• _Your assignment_
Omit all pictures, then repeat the listing exactly.

• _Raw data_
▼
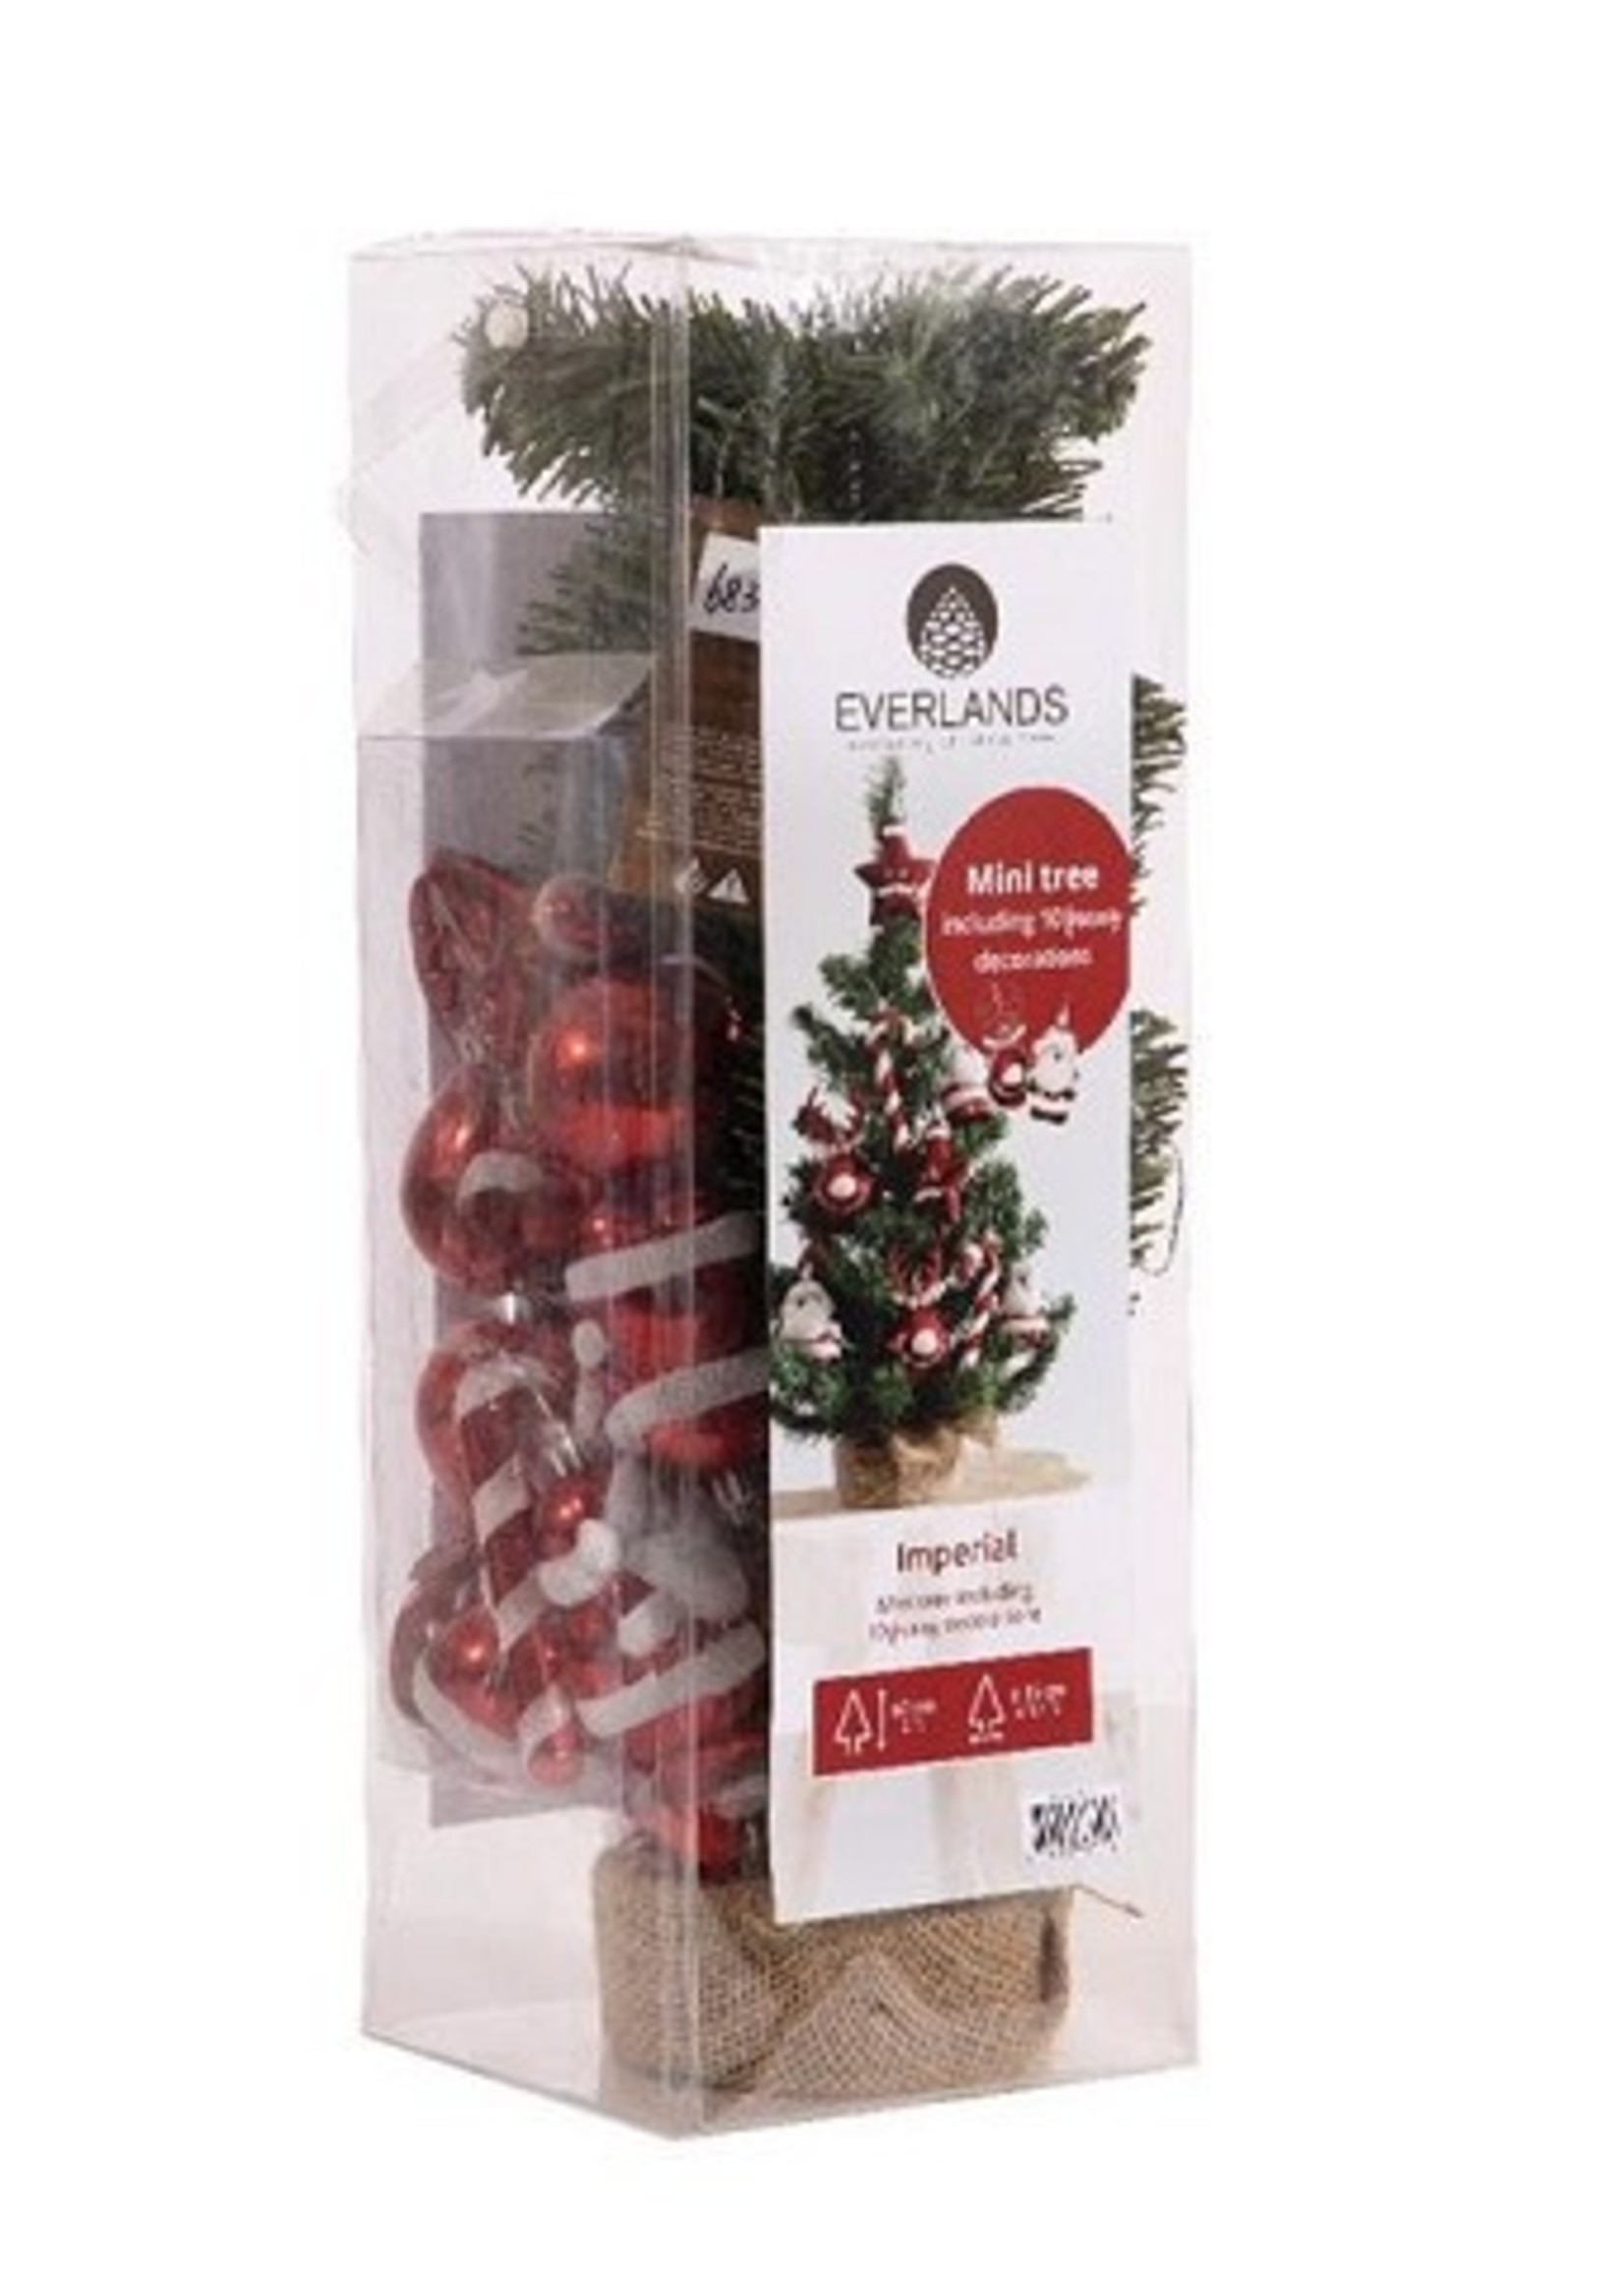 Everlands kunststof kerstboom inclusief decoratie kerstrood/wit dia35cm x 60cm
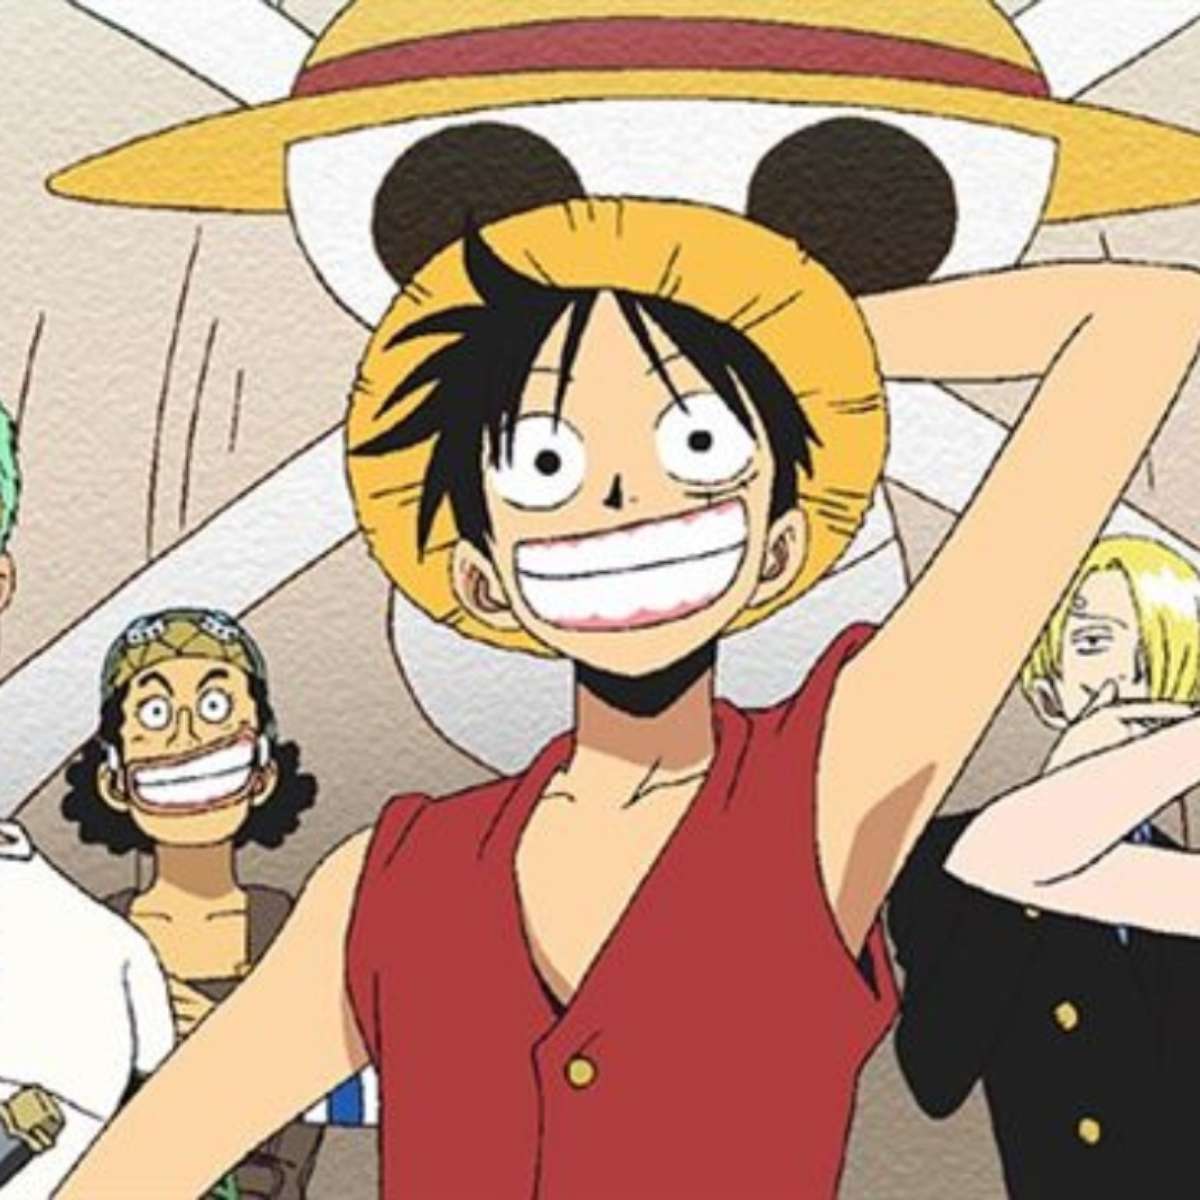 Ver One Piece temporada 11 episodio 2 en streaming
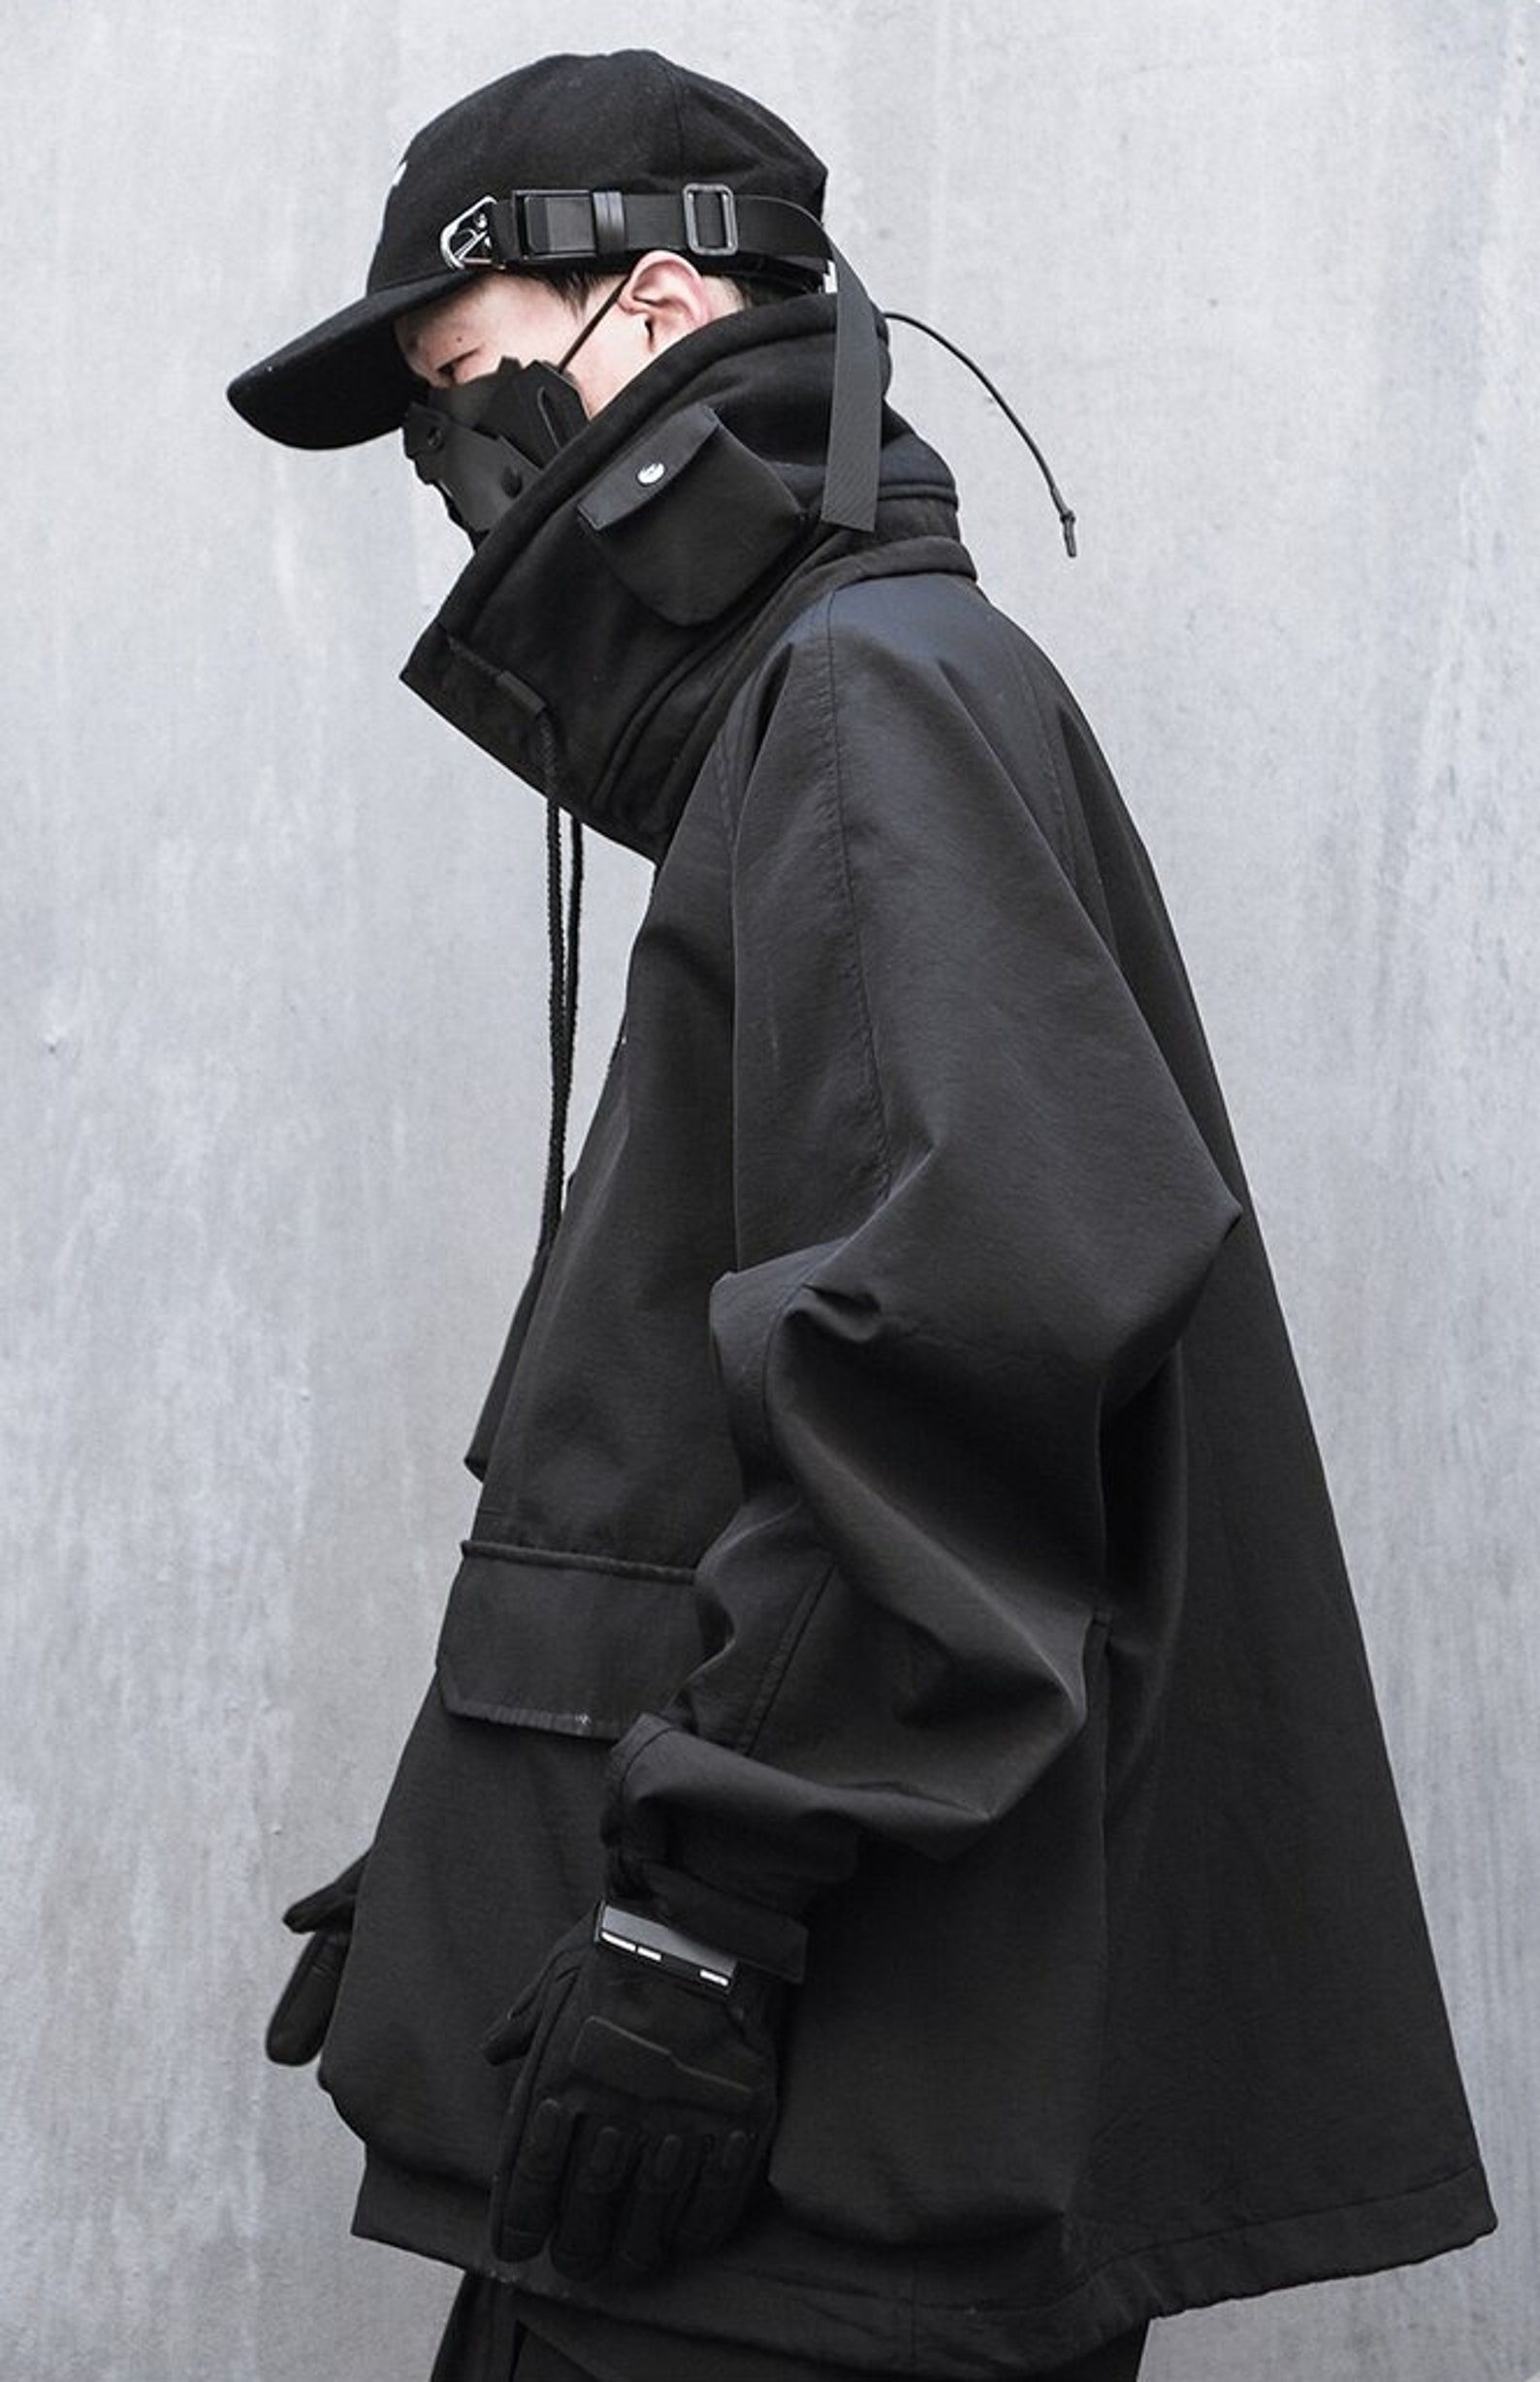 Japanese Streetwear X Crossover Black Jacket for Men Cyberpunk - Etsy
▲
• _Output below_
 Everlands kunststof kerstboom inclusief decoratie kerstrood/wit dia35cm x 60cm
 Ver One Piece temporada 11 episodio 2 en streaming
 Japanese Streetwear X Crossover Black Jacket for Men Cyberpunk - Etsy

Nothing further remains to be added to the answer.